À travers le cheminement d’un jeune artiste peintre vietnamien en pleine guerre d’Indochine, Marcelino Truong nous emmène, dans 40 hommes et 12 fusils, sur les chemins d’un conflit d’hommes et de matériels mais aussi de propagande. Efficace et d’actualité.
Quarante hommes et douze fusils : un titre étrange, qui une fois traduit, explique tout. Quarante hommes et douze fusils constituent une UPA. Une UPA ? On vous aide. C’est une unité de propagande armée.

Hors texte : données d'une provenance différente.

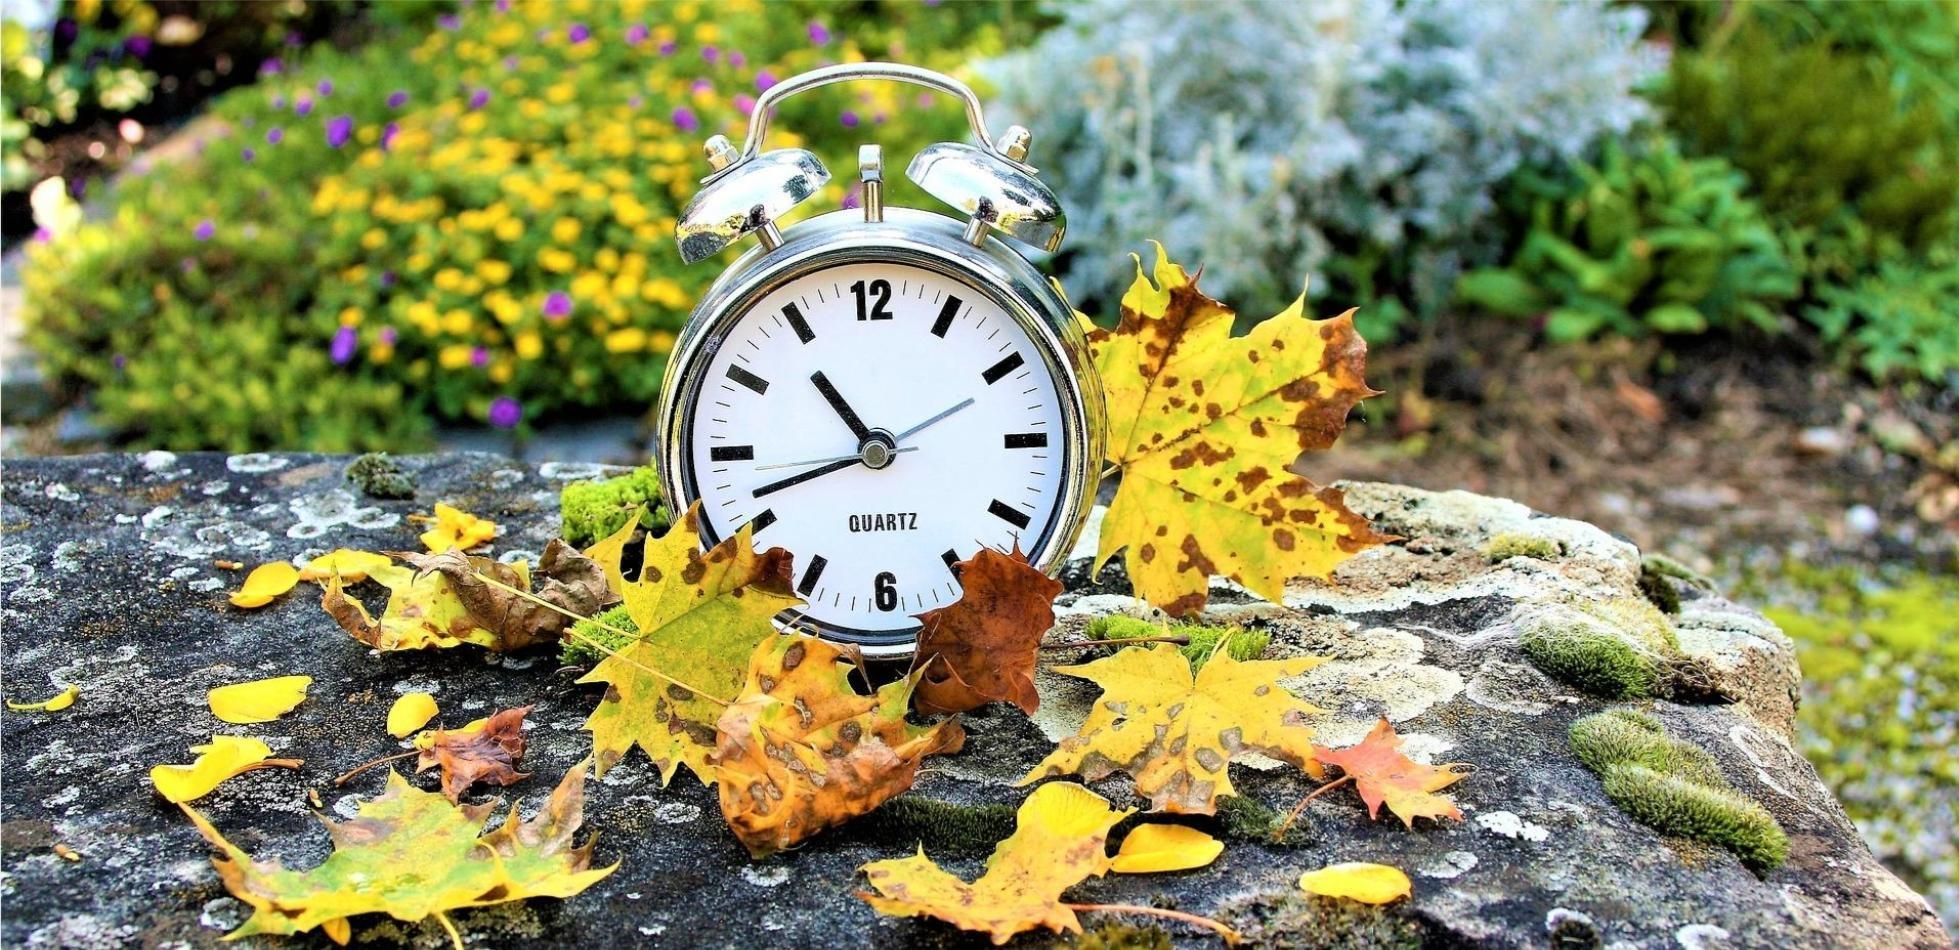 Zmiana czasu. Kiedy przestawiamy zegarki ?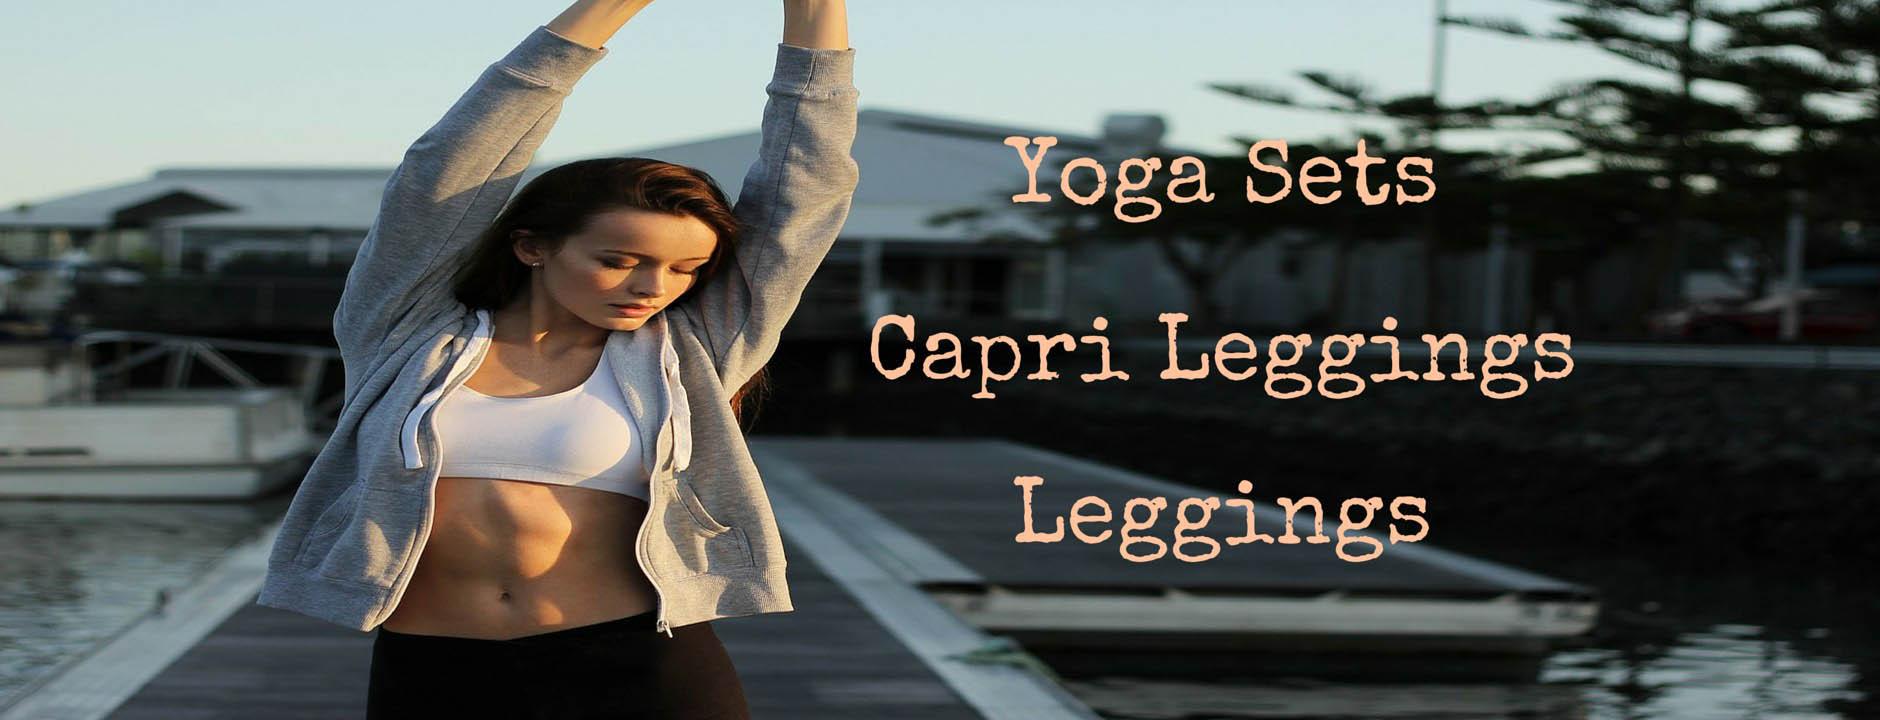 Leggings, Capri Leggings and Yoga wear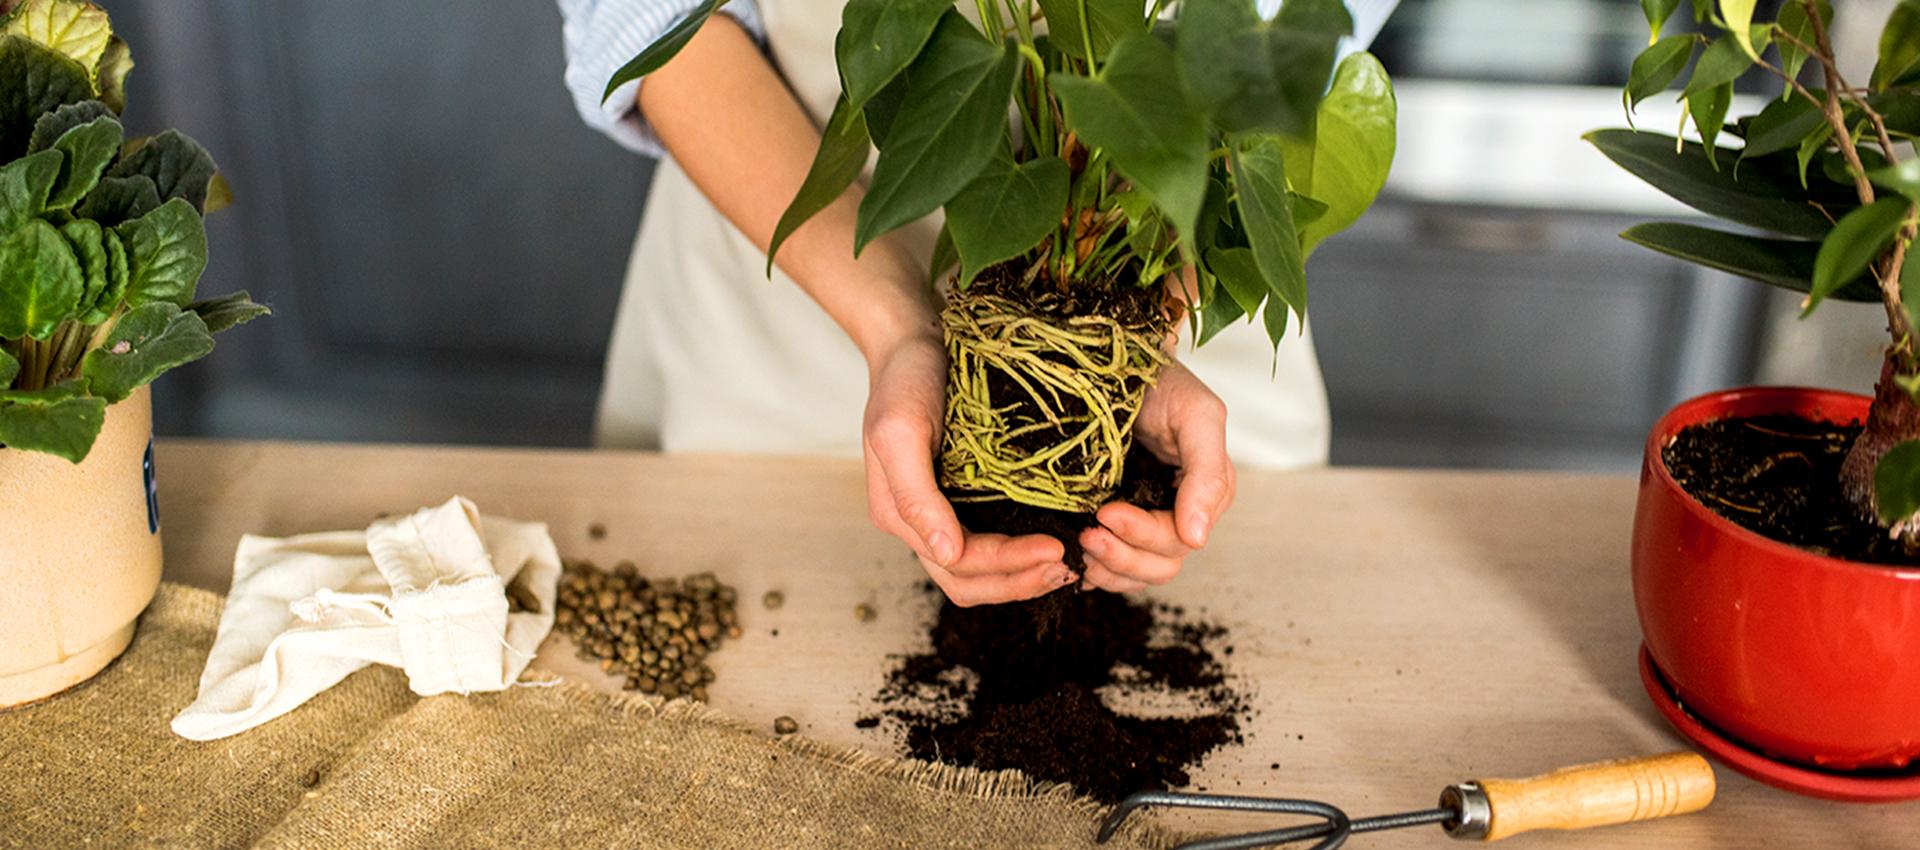 Първа помощ за растенията в офиса

Et une unité de propagande armée ? Il s’agit d’une structure chargée « d’observer les civils et repérer les indécis, les tièdes, les réactionnaires » et de les éradiquer. Une belle machine à décerveler et à imposer l’idéologie dominante par la force s’il le faut. Minh, un jeune intellectuel artiste peintre, va intégrer cette machine contre sa volonté pour éviter d’être tué en tant qu’ennemi de classe.
Nous sommes en 1954, la guerre d’Indochine vit des moments essentiels. Le Viet-Minh qui, selon l’un des membres, avait en 1949 le caractère d’une armée soudée comme des frères est devenu, sous l’emprise de l’armée chinoise, une armée irrespirable où tout n’est « qu’autocritiques et campagnes de rectification idéologique ». Nous sommes loin dès lors de la fraternité des moments du début de la lutte contre le colonialisme. Mao et son idéologie mortifère de lutte des classes sont passés par là et transfigurent le mouvement de libération.
Nous avions découvert Marcelino Truong lors de la parution de ses deux précédentes BD mondialement reconnues, Une si jolie petite guerre et Give Peace a Chance, dans lesquelles l’auteur racontait le Viêt Nam de son père et de son enfance. Cette fois-ci l’autobiographie fait place à l’Histoire et c’est un véritable ouvrage historique que nous propose l’auteur franco-vietnamien, habitant de Saint-Malo. Minh, amoureux et artiste, découvre comme un grand enfant les dessous d’un conflit où la souffrance physique, la lutte armée, les morts côtoient une autre souffrance, celle de devoir ingurgiter un discours politique et une propagande abyssales. Enrôlé dans cette UPA, il va survivre grâce à ses talents de dessinateur qu’on lui demande de mettre au service du réalisme socialiste, l’art devant éduquer les masses laborieuses.
« Chaque artiste est un combattant politique. »
Il va réaliser des tracts, des affiches glorifiant Hô Chi Minh, les membres du Parti ou encore les guerriers, femmes et hommes, dont on se demande s’ils croient réellement ce qu’on leur insuffle par mimétisme idéologique ou par peur des représailles.
Le cheminement de Minh, à pied sur des chemins et routes sans fin, ou en camion en compagnie d’un chauffeur chinois, n’est qu’une longue découverte du travestissement de la réalité par le discours. Ce périple ouvre les yeux d’un candide obnubilé par ses dessins, qui va découvrir la réalité d’un monde en guerre, les petits et grands gestes de l’Histoire, la fraternité et l’amitié, la duplicité et le calcul.
On devine l’énorme travail de recherches réalisé par Marcelino Truong : témoignages oraux, récits recueillis sont concentrés pour faire de cette BD un véritable ouvrage historique, qui bien que s’attachant à l’année 1954 et à la déroute française de Dien Bien Phu, explique les ressorts d’une dérive totalitaire. Dans ce récit qui se lit comme un roman subsistent quelques moments de grâce : ceux qui offrent aux deux artistes, Minh et Truong, la possibilité de montrer la beauté des paysages, des femmes se baignant dans la rivière, des moments silencieux magnifiés par les touches pastel, par le trait ferme et enveloppant dans des doubles pages qui contrastent avec celles des bombardements français terrifiants. L’auteur joue ainsi de la monochromie et de l’ajout de quelques touches colorées disséminées au long des pages, comme s’il ne souhaitait utiliser la totalité de sa palette que pour extraire le lecteur de la pesanteur dogmatique et magnifier la beauté. Ou à défaut le calme et le retour à la réalité.
Cette BD se révèle être un bel hommage au sens critique personnel, à la réflexion individuelle face au cynisme d’une pensée utilitaire. Remettre l’intelligence au centre de la vie, un vaste programme auquel ce roman graphique participe efficacement.